The Gigantic Wheel, which became known as The Big Wheel, rose magnificently upon the Blackpool skyline in 1896; a wonderful tribute to British engineering.

The “largest wheel in the world” was built on a former bowling green & garden on the corner of Adelaide/
Coronation Street, where the Olympia now stands. The solid axle was the largest of its kind ever manufactured in Europe, at 36 tonnes, 40ft 8” in length, with a diameter of more than 2ft.

Having taken less than 6 months to erect, 4000 excited, yet apprehensive people climbed into the 30 carriages in the 1st 2 1/4 hrs & were elevated 220ft above Blackpool. On a clear day, it was possible to see North Wales, the Isle of Man, the Mull of Galloway and 5 Counties. It carried a minimum of 900 passengers, turned only 4 revolutions per hour & was good value at 3d for adults and 1d for children.

With skilled men called away at war, maintenance both on the Big Wheel and Tower went by the board.
Accountants gave the thumbs down to the Big Wheel which was considered “behind the times”. The carriages were auctioned off for approx. £20 each & commemorative medals struck from the metalwork.

So, how did a carriage from The Big Wheel end up attached to the side of a cottage in St. Michael’s-on-Wyre…?
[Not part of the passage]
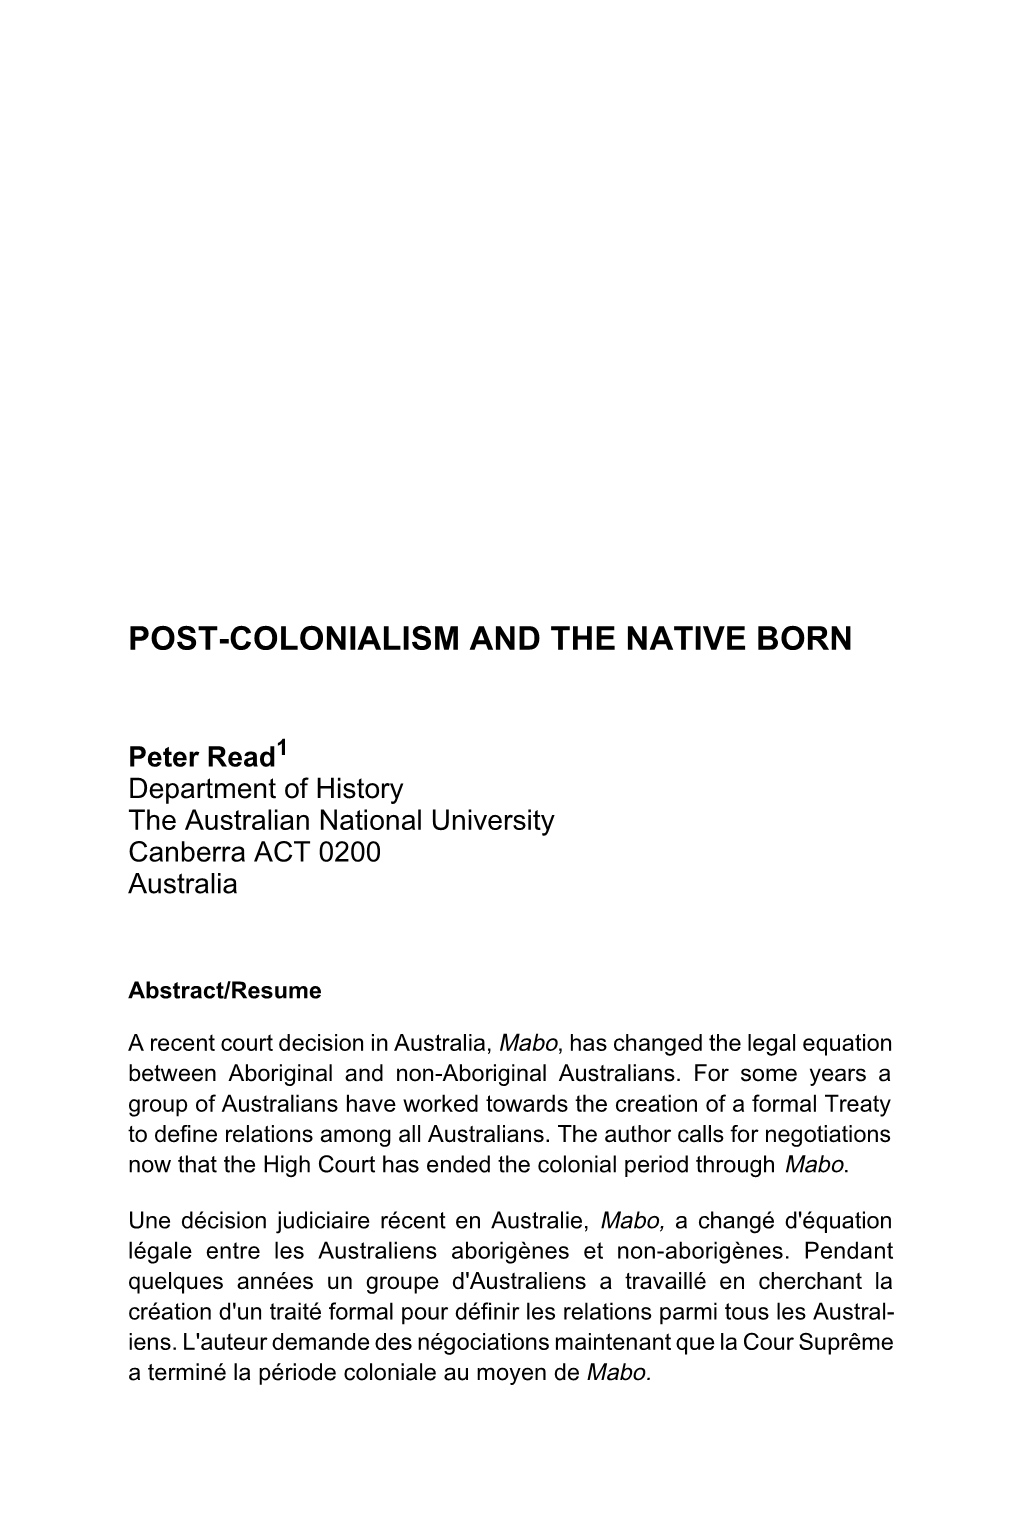 Post-Colonialism and the Native Born

Well, a trust was set up on the death of a Miss Sarah Massey who by her will left money towards the funding of an orphanage in Blackpool. In 1914 an orphanage was opened at 121 Talbot Road, Blackpool. The first matron was a Miss Edith Swallow, after whom the trust was renamed. A baby boy, John, was born to a young couple called Ainsworth, in St. Michael’s Village, who were too poor to keep him & placed him in the Swallowdale Children’s Home where a firm bond was formed between John & Matron Swallow.

When John’s parents had more money, he returned home but always kept in touch with Miss Swallow. John eventually owned Wild Boar Farm & the 2 farm labourers cottages. When Matron Swallow retired, John sold the 2 cottages to her & her sister Agnes on 28.10.1927.

However, she never forgot her orphans & when The Big Wheel was dismantled she bought one of the carriages which took 2 days to arrive on a cart pulled by 2 Shire Horses. The orphans spent many summer
holidays in the countryside, girls slept in the carriage, boys in a Bell tent on the lawn.